● Task to carry out: Give again, word for word, each line below starting at the one that contains "Mohammed Al-Jefairi" and ending at the one that contains "SOFA: Ved å".

● Records shown:
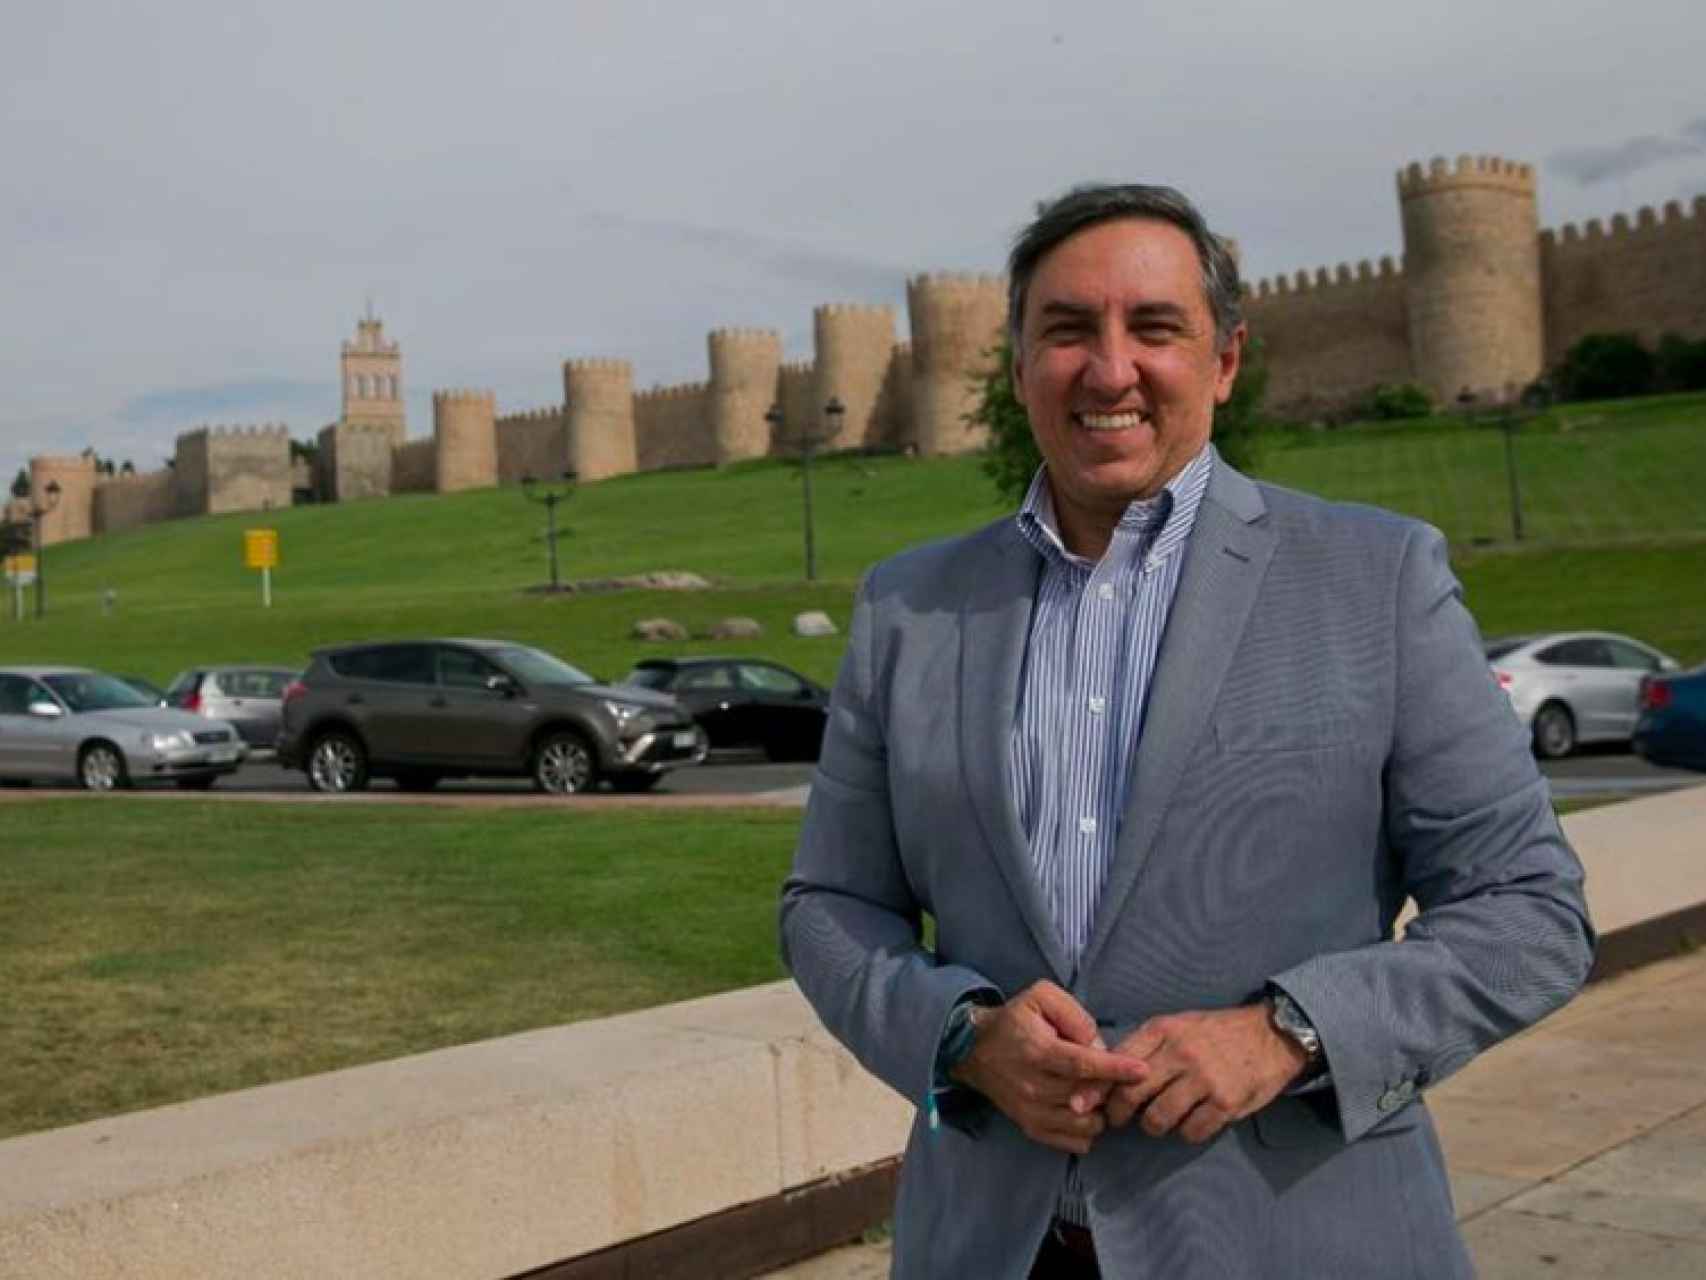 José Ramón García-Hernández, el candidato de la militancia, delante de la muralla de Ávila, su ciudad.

---

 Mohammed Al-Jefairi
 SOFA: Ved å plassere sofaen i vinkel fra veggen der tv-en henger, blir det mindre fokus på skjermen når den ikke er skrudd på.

* * *

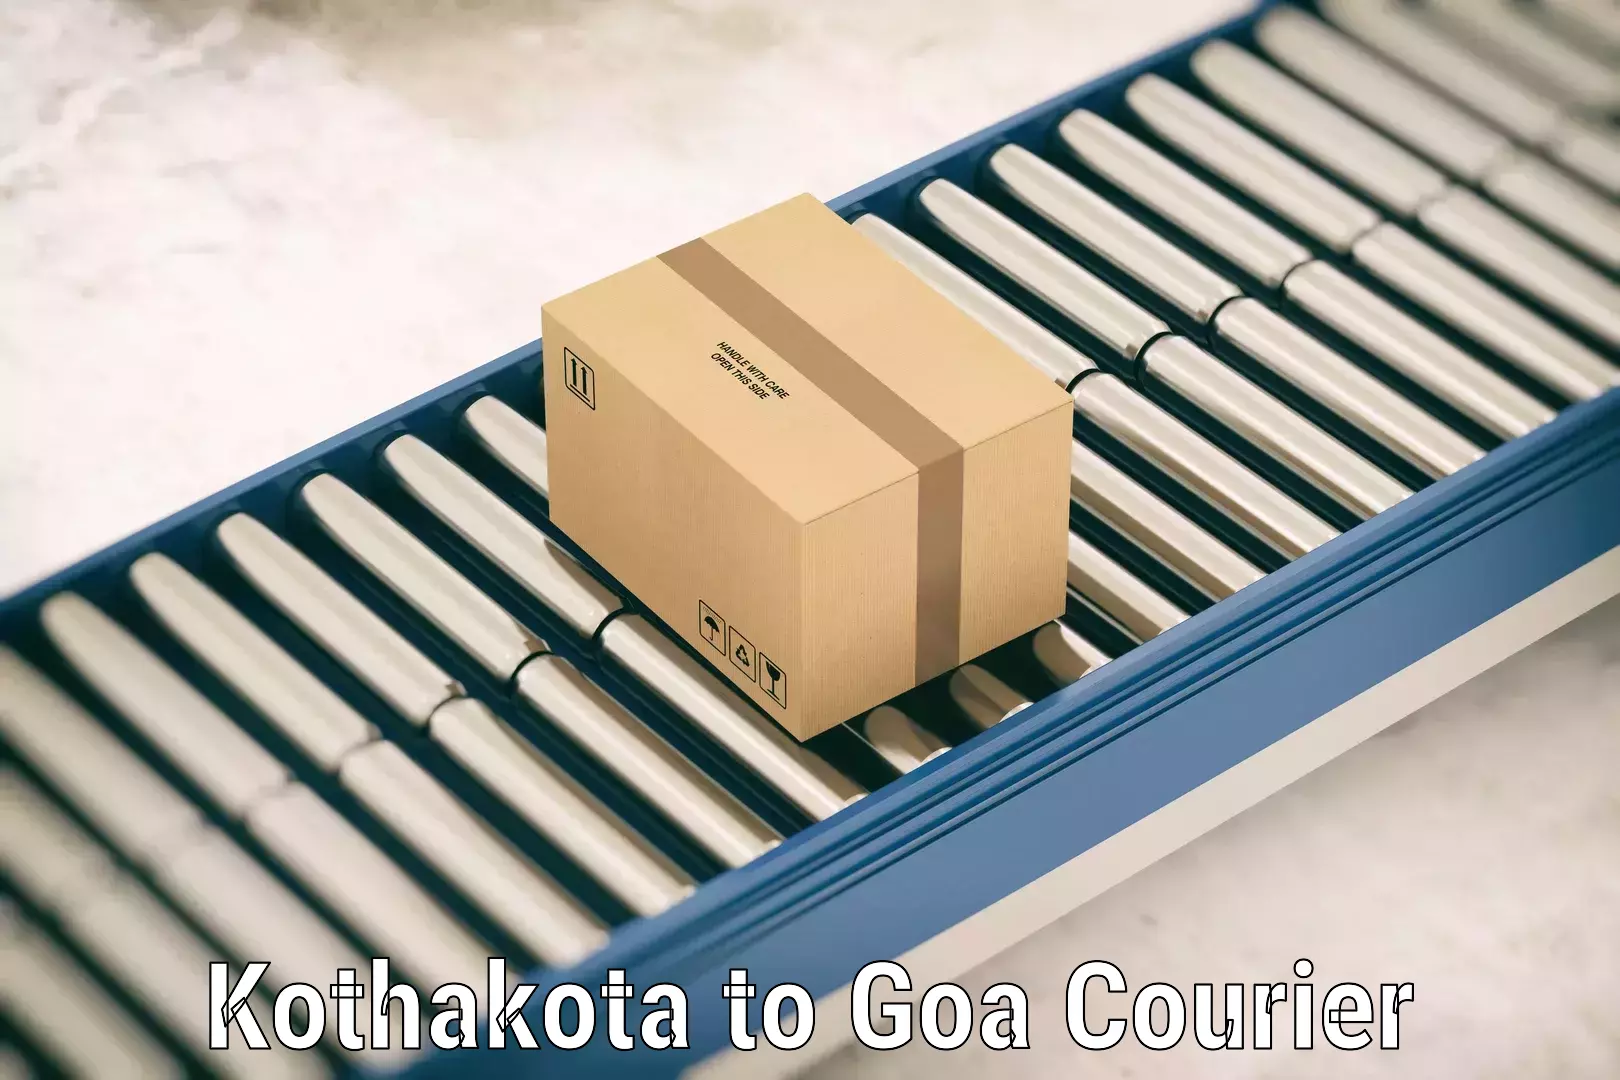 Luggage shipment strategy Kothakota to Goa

● Output of the exercise:
 Mohammed Al-Jefairi
 SOFA: Ved å plassere sofaen i vinkel fra veggen der tv-en henger, blir det mindre fokus på skjermen når den ikke er skrudd på.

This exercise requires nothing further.